■ Source information
= = = = = = =
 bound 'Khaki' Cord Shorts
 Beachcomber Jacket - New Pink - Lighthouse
= = = = = = =
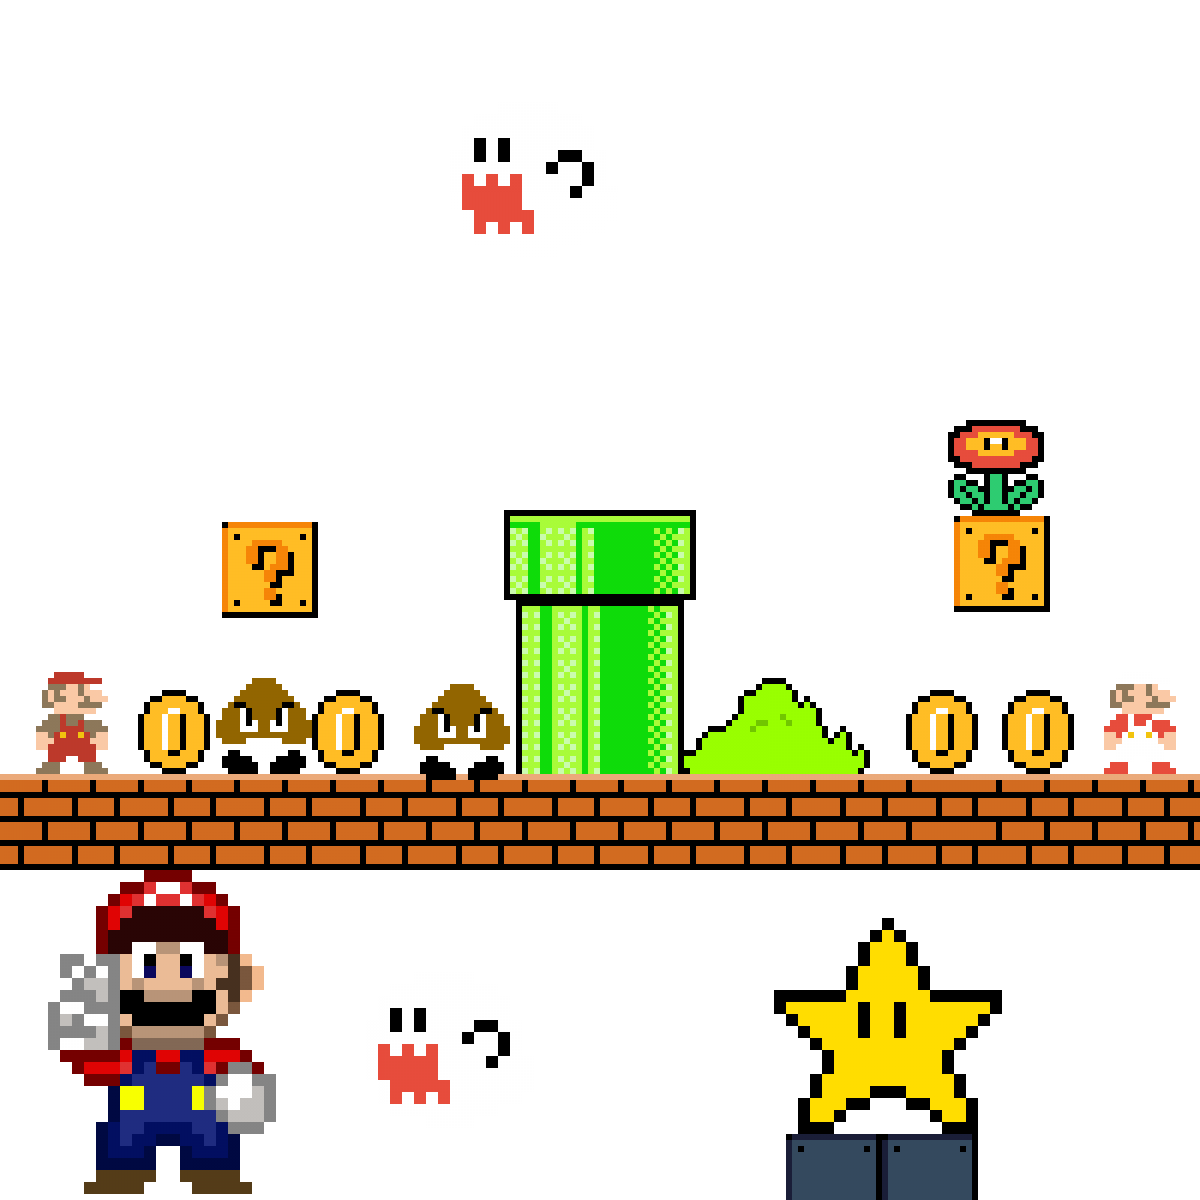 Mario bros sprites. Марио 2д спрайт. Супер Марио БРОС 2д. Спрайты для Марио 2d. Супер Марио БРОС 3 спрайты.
= = = = = = =
■ Description of the task
Repeat exactly the lines of the listing above, from the one with "bound 'Khaki' Cord Shorts" down to the one with "Beachcomber Jacket - New Pink - Lighthouse"; both of those lines belong in the range.

■ Exercise answer
 bound 'Khaki' Cord Shorts
 Beachcomber Jacket - New Pink - Lighthouse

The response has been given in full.